Meine ersten 100 Tage bei Convensis

Filippo hat seine ersten 100 Tage bei Convensis mit Hilfe der App „One Second Everyday“ festgehalten – jeden Tag eine Sekunde. Im Interview verrät er was hinter dieser Idee steckt.

Filippo Corsani, Junior Manager Communications

Was können wir von deinem 1-Sekunden Video erwarten?

„Das 1-Sekunden Video über die ersten 100 Tage bei Convensis soll einen Eindruck meiner neuen Tätigkeit vermitteln. Ich habe jeden Tag eine Sekunde gefilmt und diese Sequenzen dann zu einem Film zusammengeschnitten. Zu Beginn des Videos sieht man die ersten Tage bei Convensis, zum Beispiel den „Herzlich Willkommen“ Bildschirmschoner an meinem neuen Arbeitsplatz oder die Uhrenkataloge, in die ich mich eingearbeitet habe. Die Beschränkung der einzelnen Sequenzen auf eine Sekunde erlaubt es, die unterschiedlichsten Momente im Video festzuhalten.“

Wer sind die vielen Menschen, die im Video auftauchen?

„Ich hatte mir überlegt, was ich mit meinem Video vermitteln möchte – was Convensis ausmacht und was meine ersten Wochen geprägt hat. Und natürlich auch, wodurch solch ein Video interessant wird. Für mich standen dabei die Menschen im Vordergrund, weswegen diese im Film eine Hauptrolle haben.

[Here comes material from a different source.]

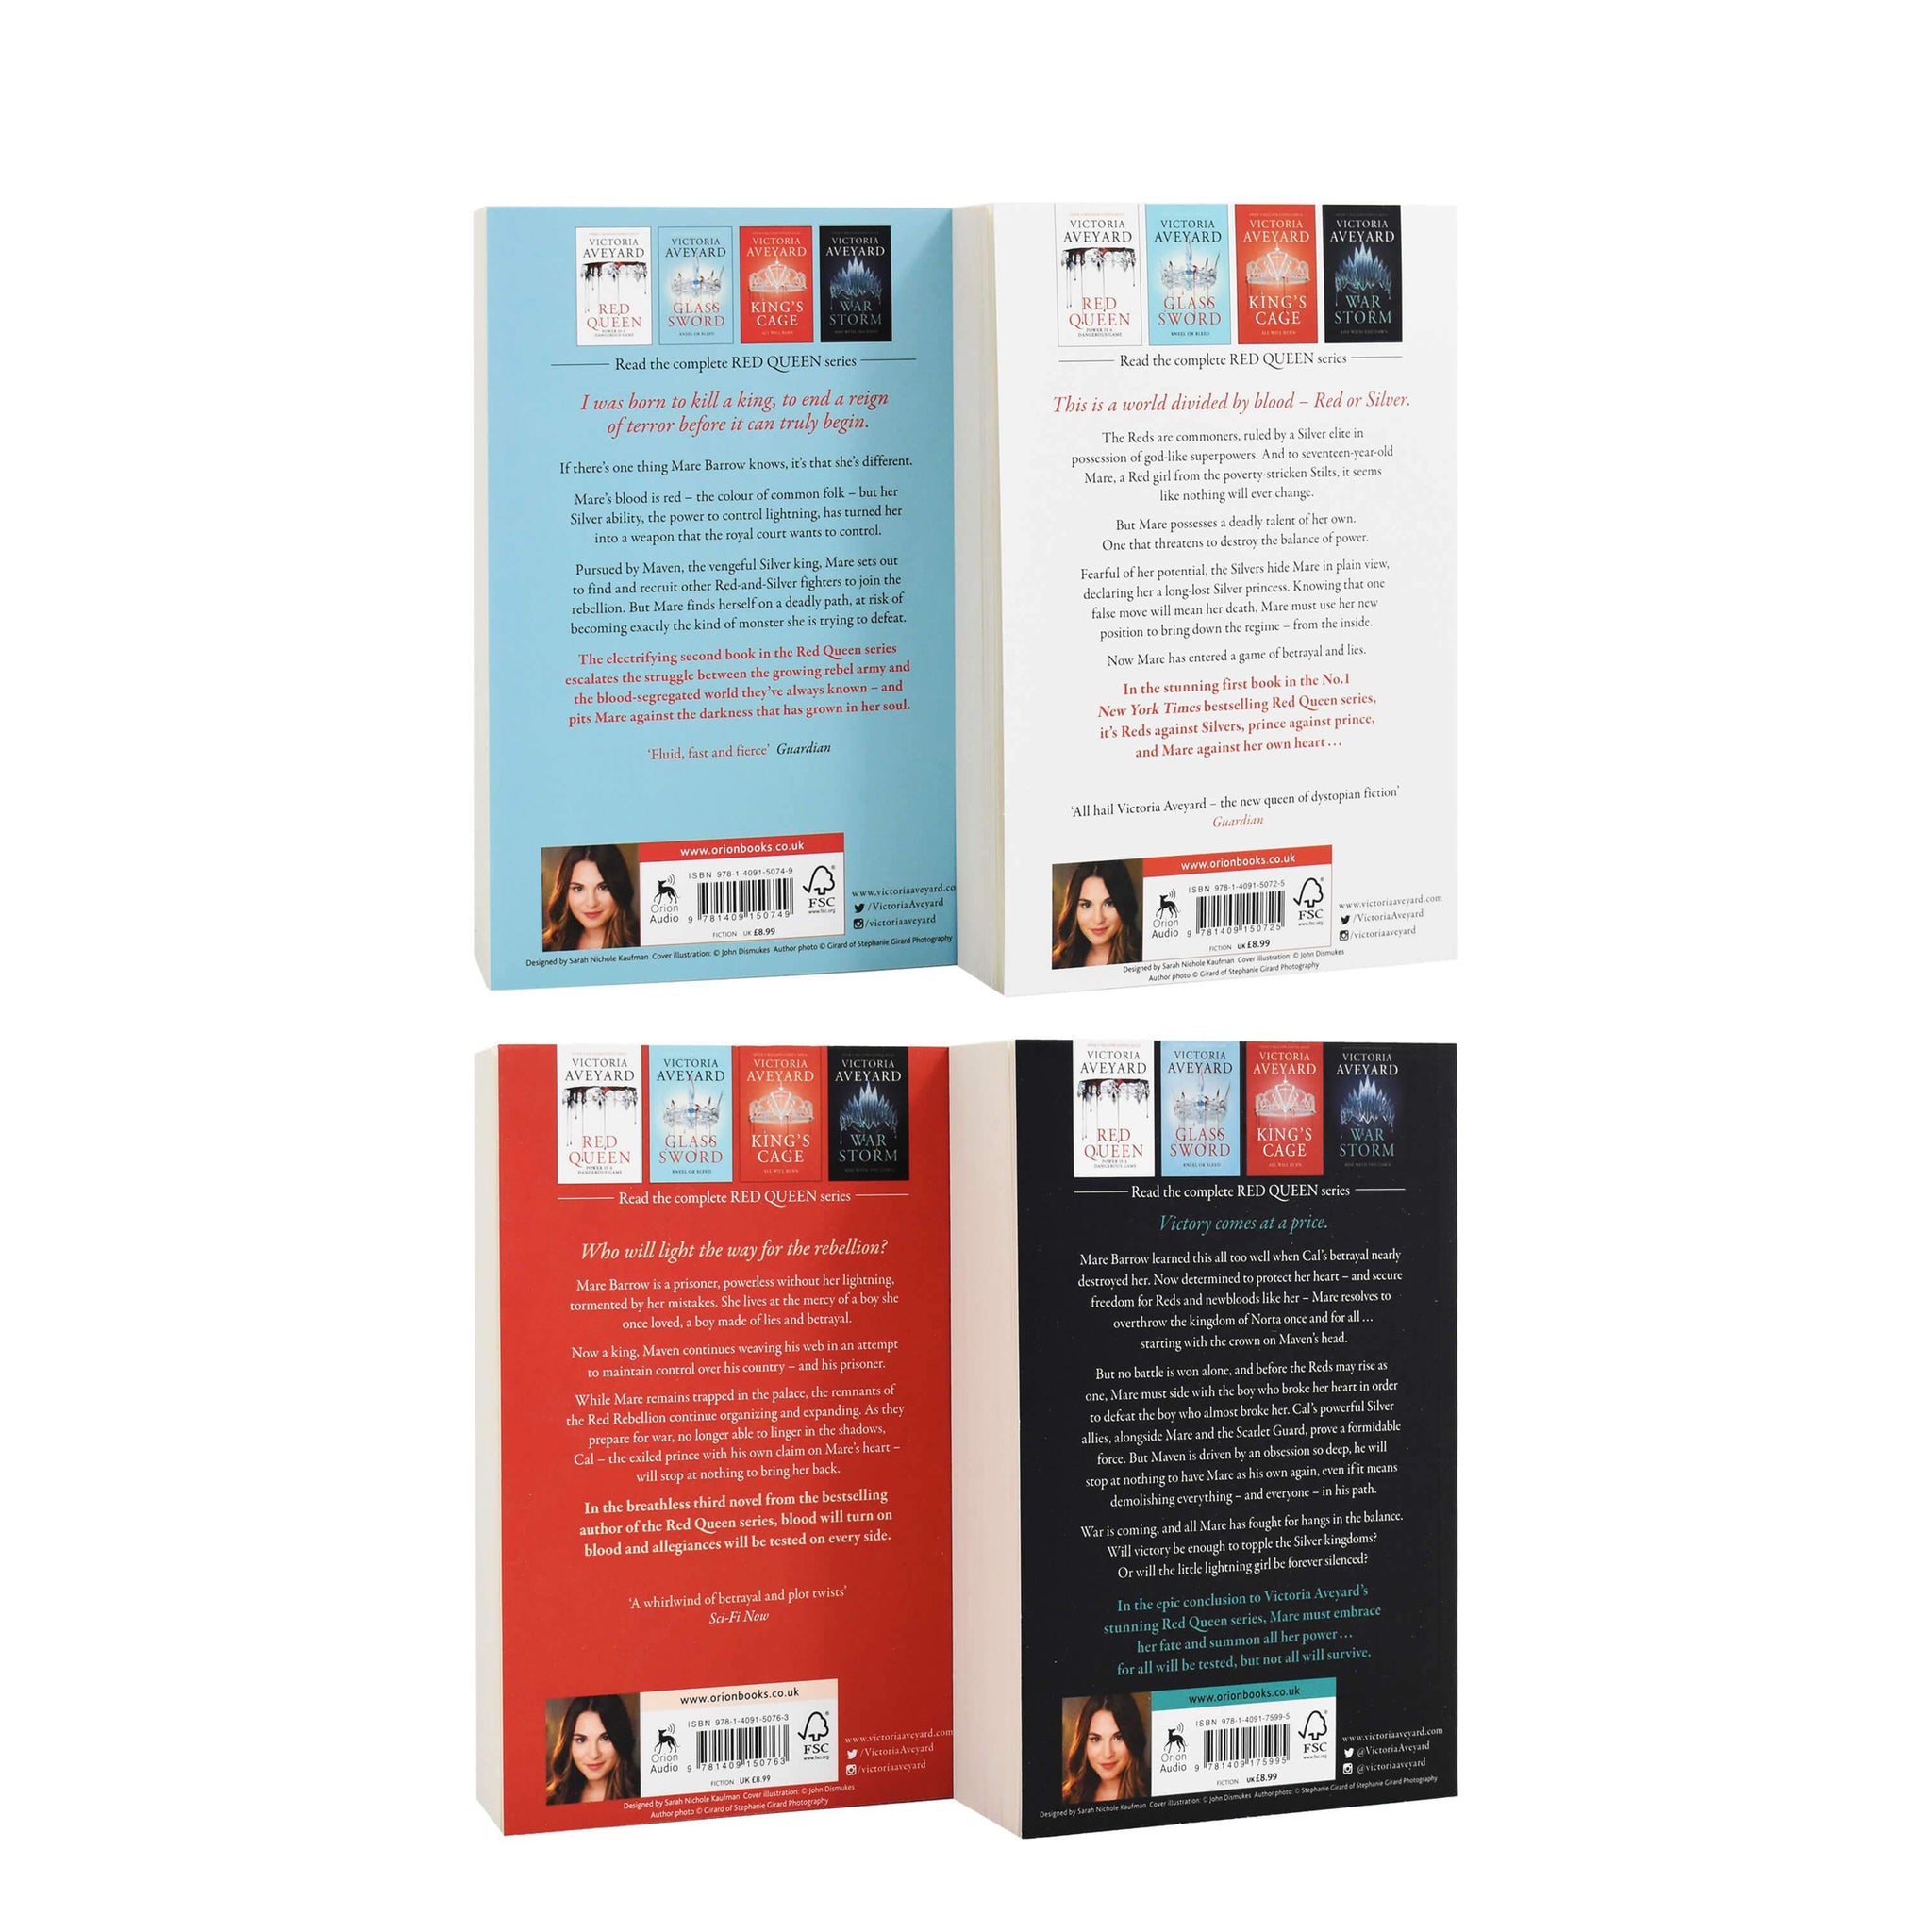 Fradrage farvning Lære udenad Victoria Aveyard Red Queen 4 Books by Victoria Aveyard - Paperback | St  Stephens Books

Außerdem war es mir wichtig, dass fast immer Bewegung zu sehen ist – also alles, was einen Film ausmacht. Ich habe deswegen zunächst alle meine neuen Kollegen vorgestellt – was sie in dieser einen Sekunde machen, blieb ihnen überlassen.“

Findest du, dass der Film gelungen ist?

„Meiner Ansicht nach ist der Film gelungen. Er hat eine gute Länge, wodurch man ihn sich auch zwischendurch anschauen kann und verleitet viele zu einem Schmunzeln. Er vermittelt einen ersten Eindruck von meinen Kollegen und vom Büro, mit teils lustigen Sequenzen – denn nicht immer habe ich meine Kollegen auf die Aufnahme hingewiesen. Den Arbeitsalltag habe ich bewusst nur am Rand erwähnt – mit einer Sekunde pro Tag ist es schwer, einen passenden Eindruck davon zu vermitteln.“

Was haben deine ersten 100 Tage bei Convensis ausgemacht?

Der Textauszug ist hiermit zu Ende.